**RECORDED INFORMATION:**

=== Begin Enclosure ===

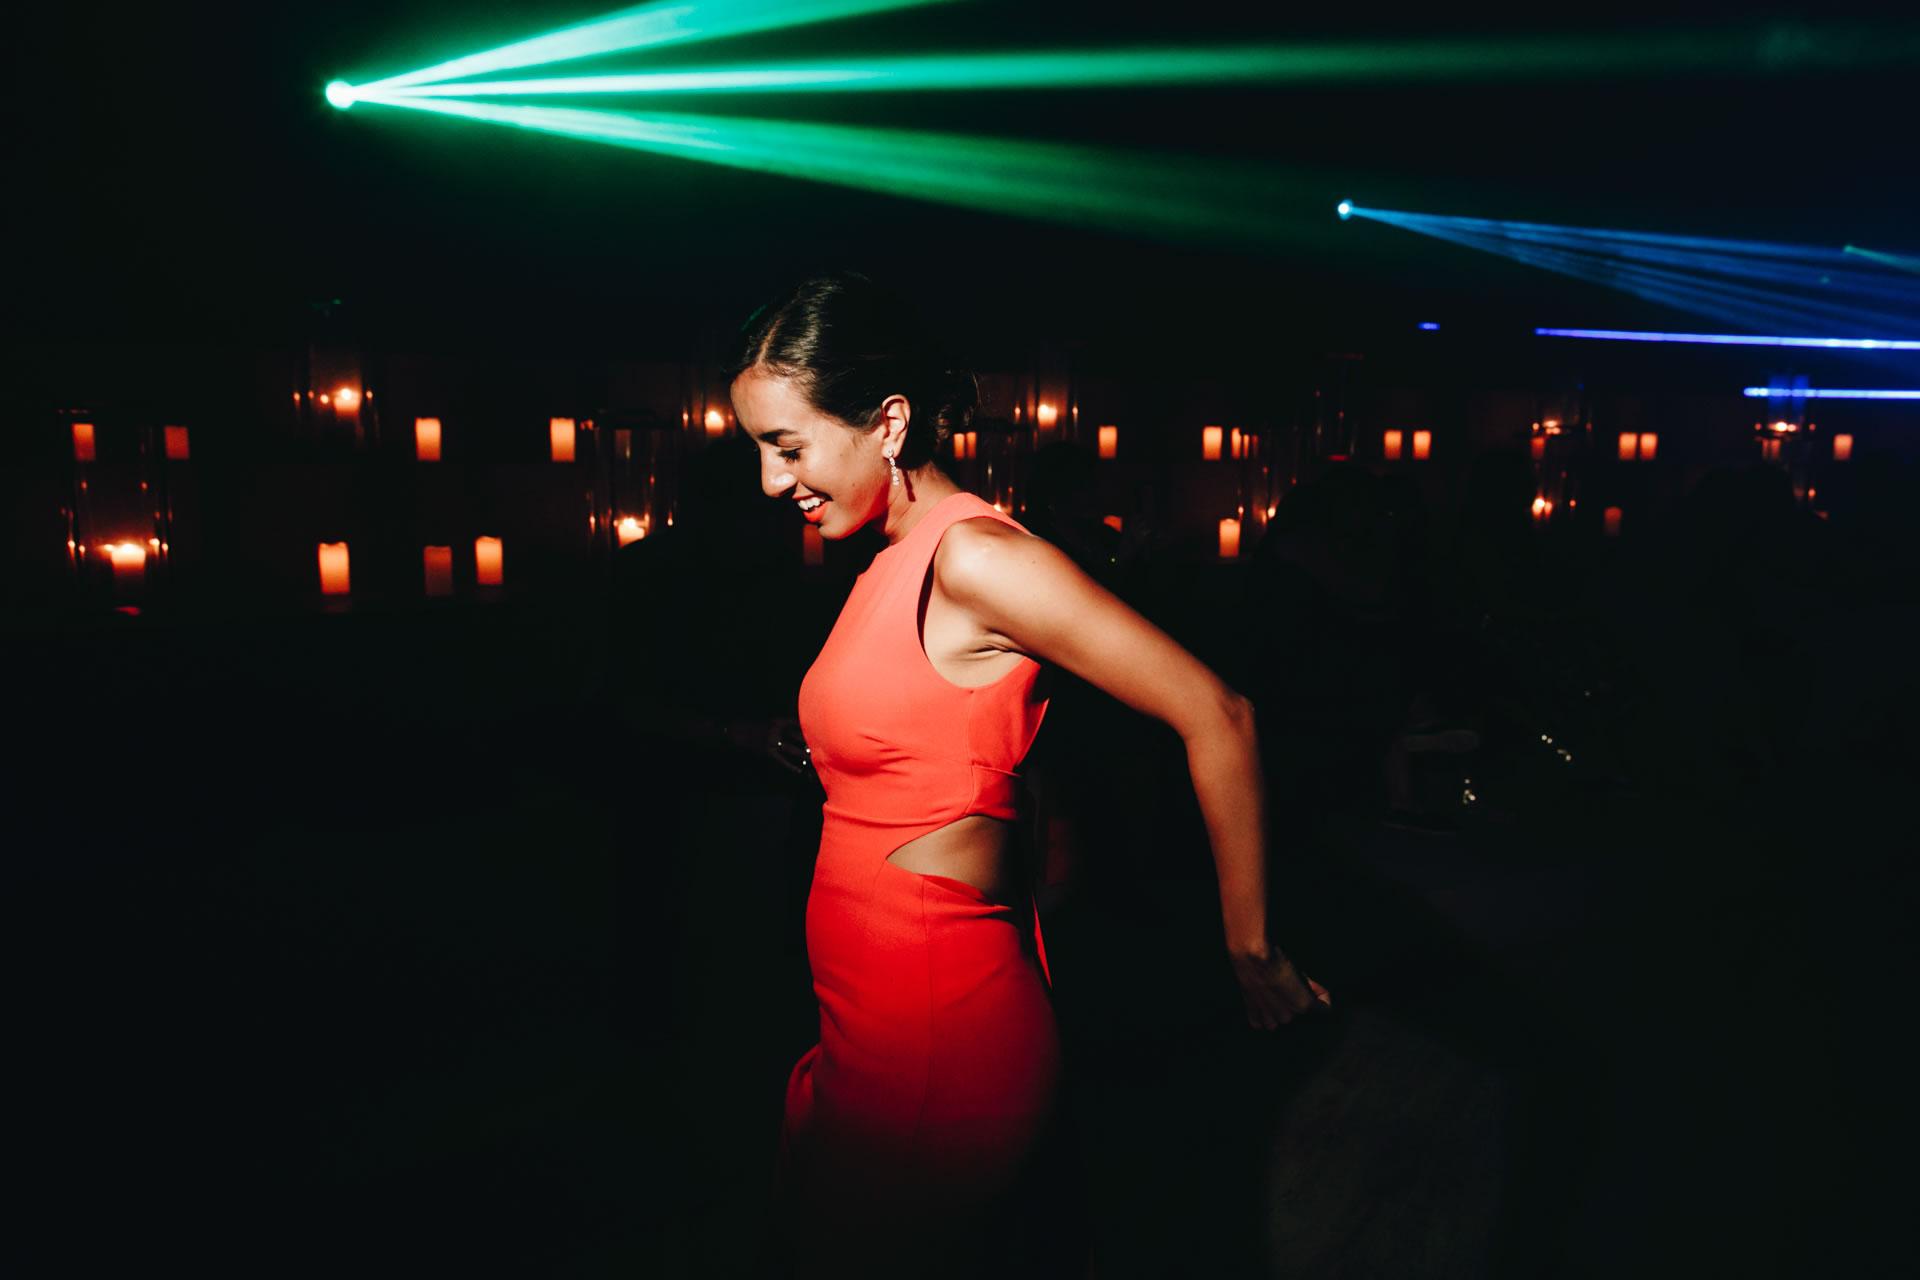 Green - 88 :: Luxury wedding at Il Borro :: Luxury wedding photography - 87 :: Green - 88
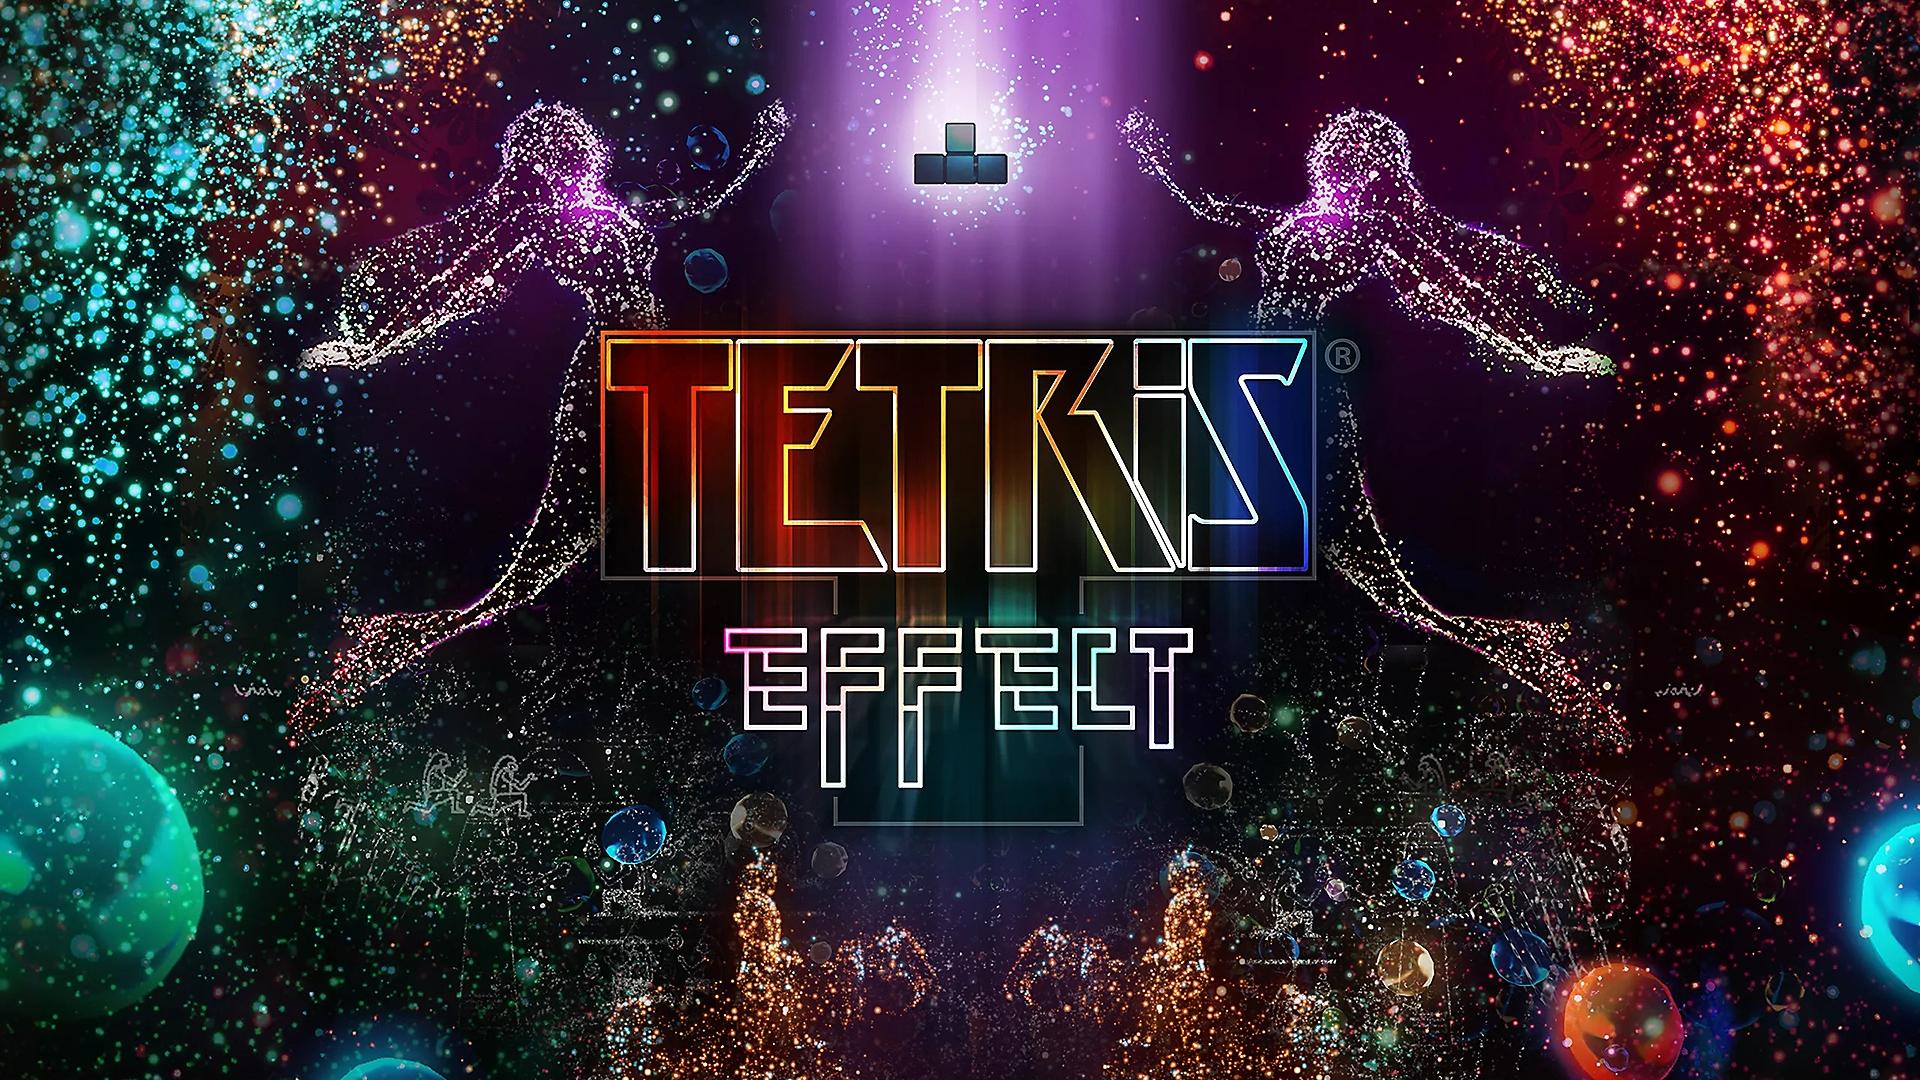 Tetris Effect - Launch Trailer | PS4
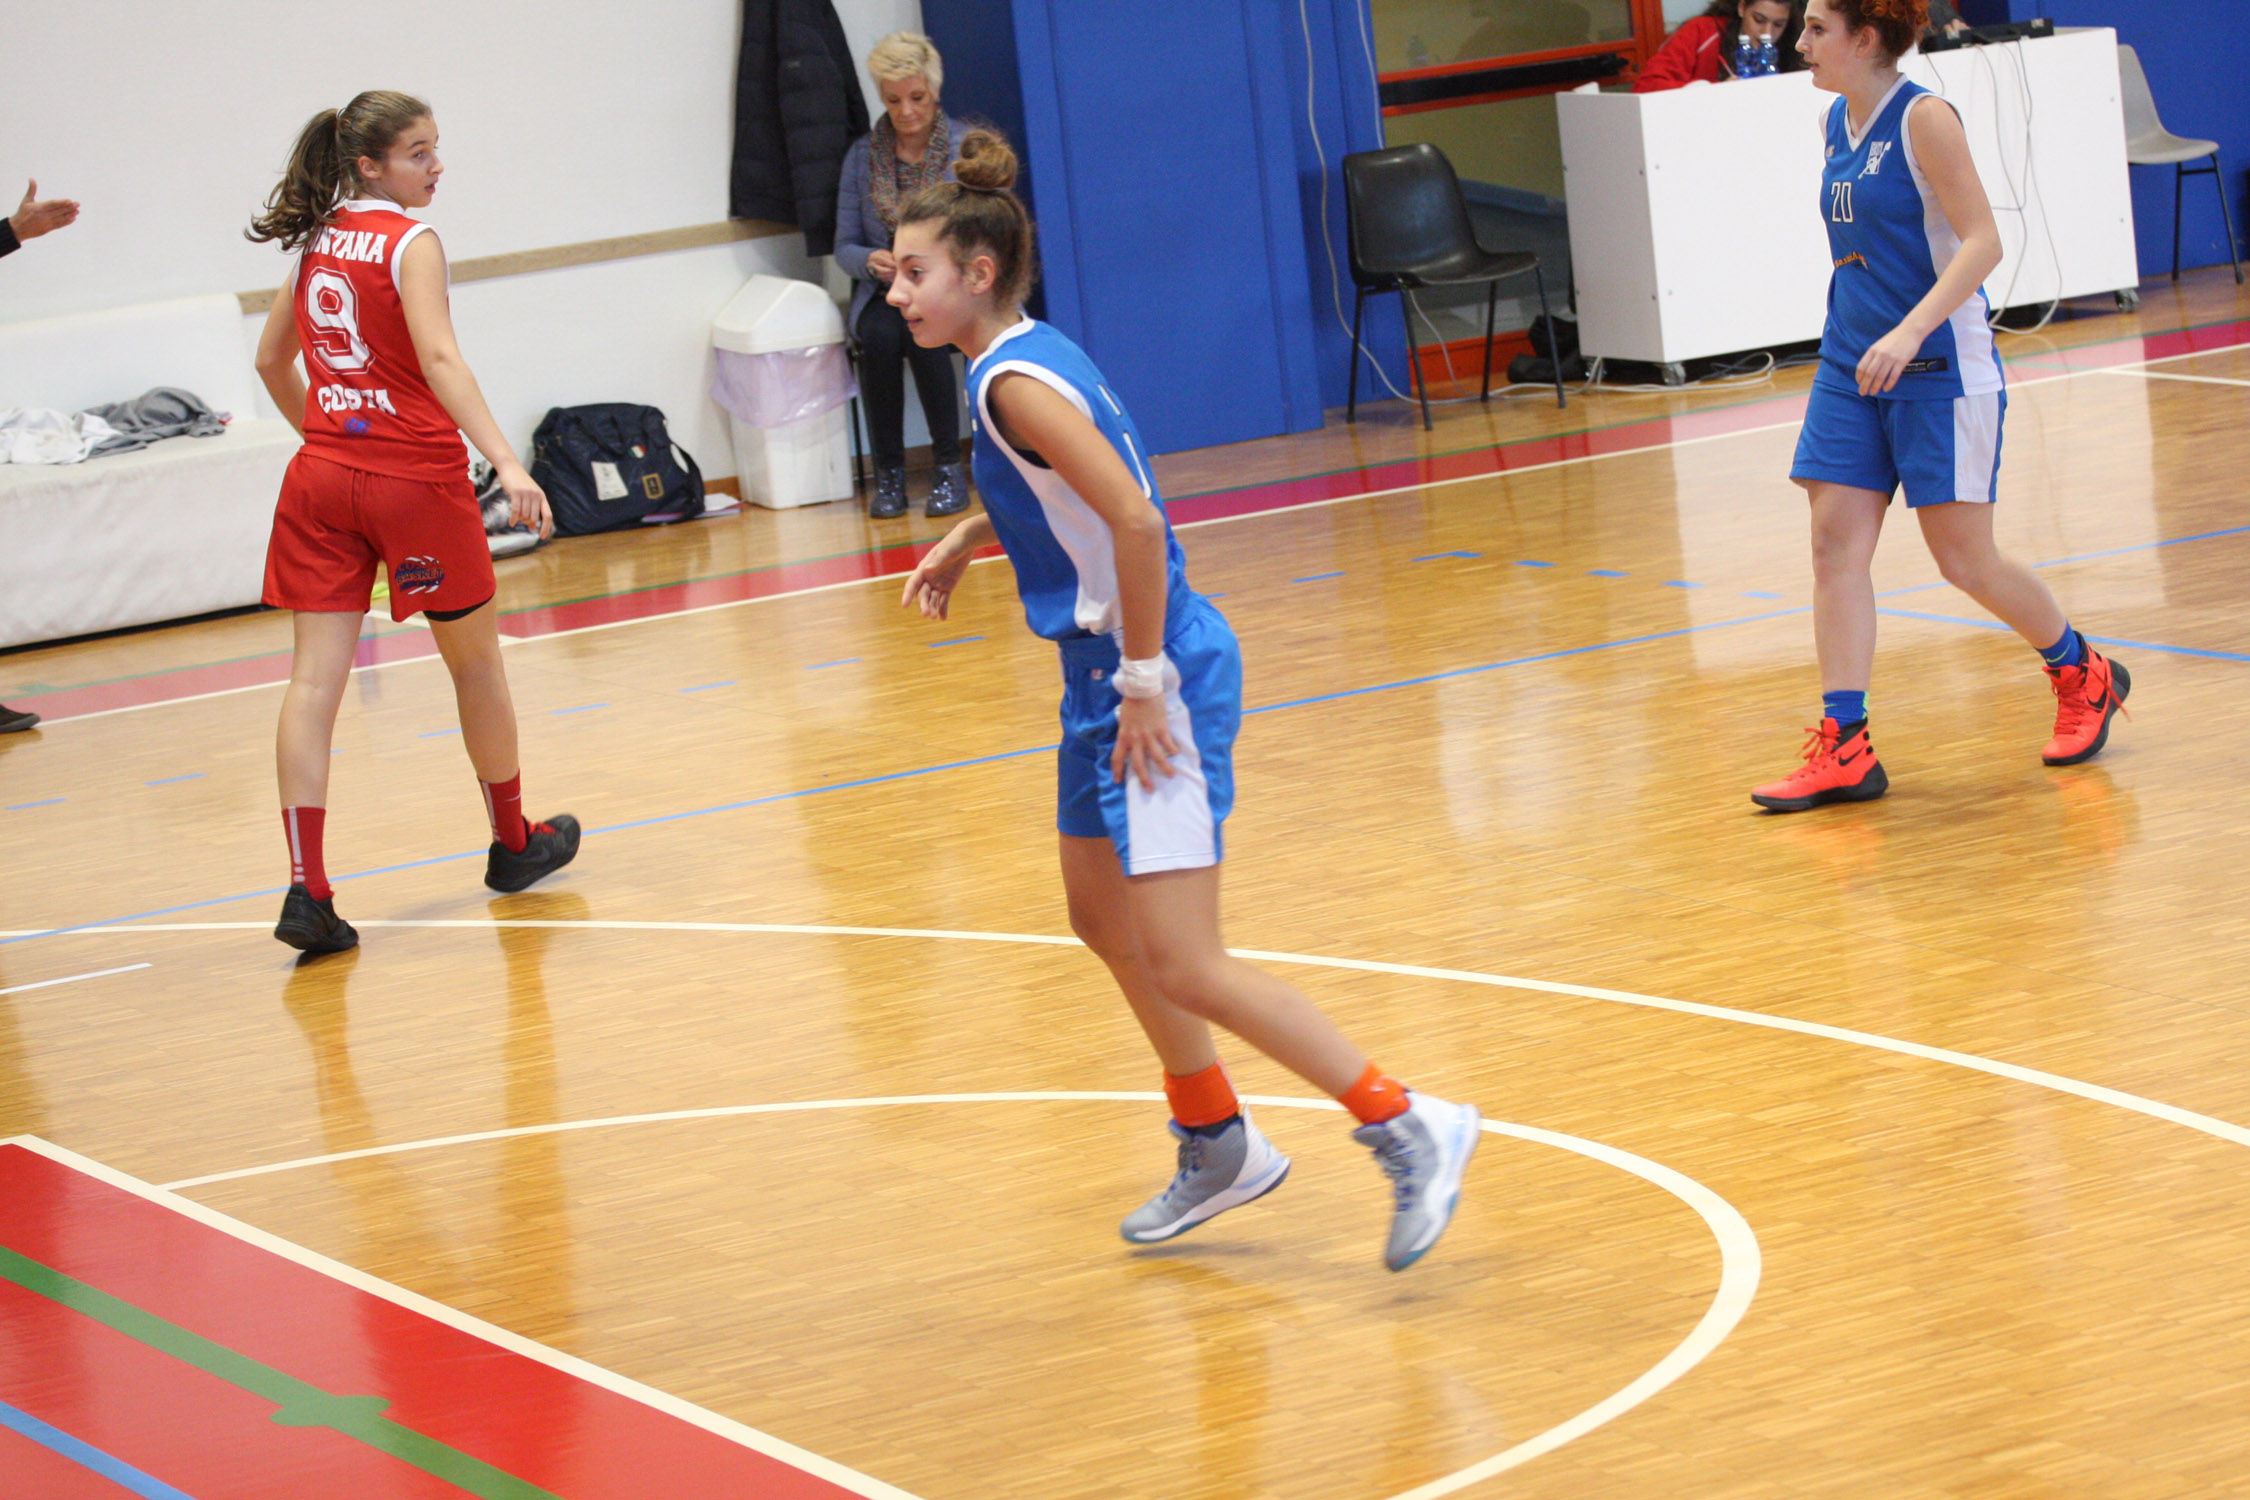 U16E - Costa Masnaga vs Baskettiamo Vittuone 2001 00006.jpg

=== End Enclosure ===

**EXERCISE BRIEF:** Excluding all images, transcribe the material word for word.

**TASK RESULT:**
 Green - 88 :: Luxury wedding at Il Borro :: Luxury wedding photography - 87 :: Green - 88
 Tetris Effect - Launch Trailer | PS4
 U16E - Costa Masnaga vs Baskettiamo Vittuone 2001 00006.jpg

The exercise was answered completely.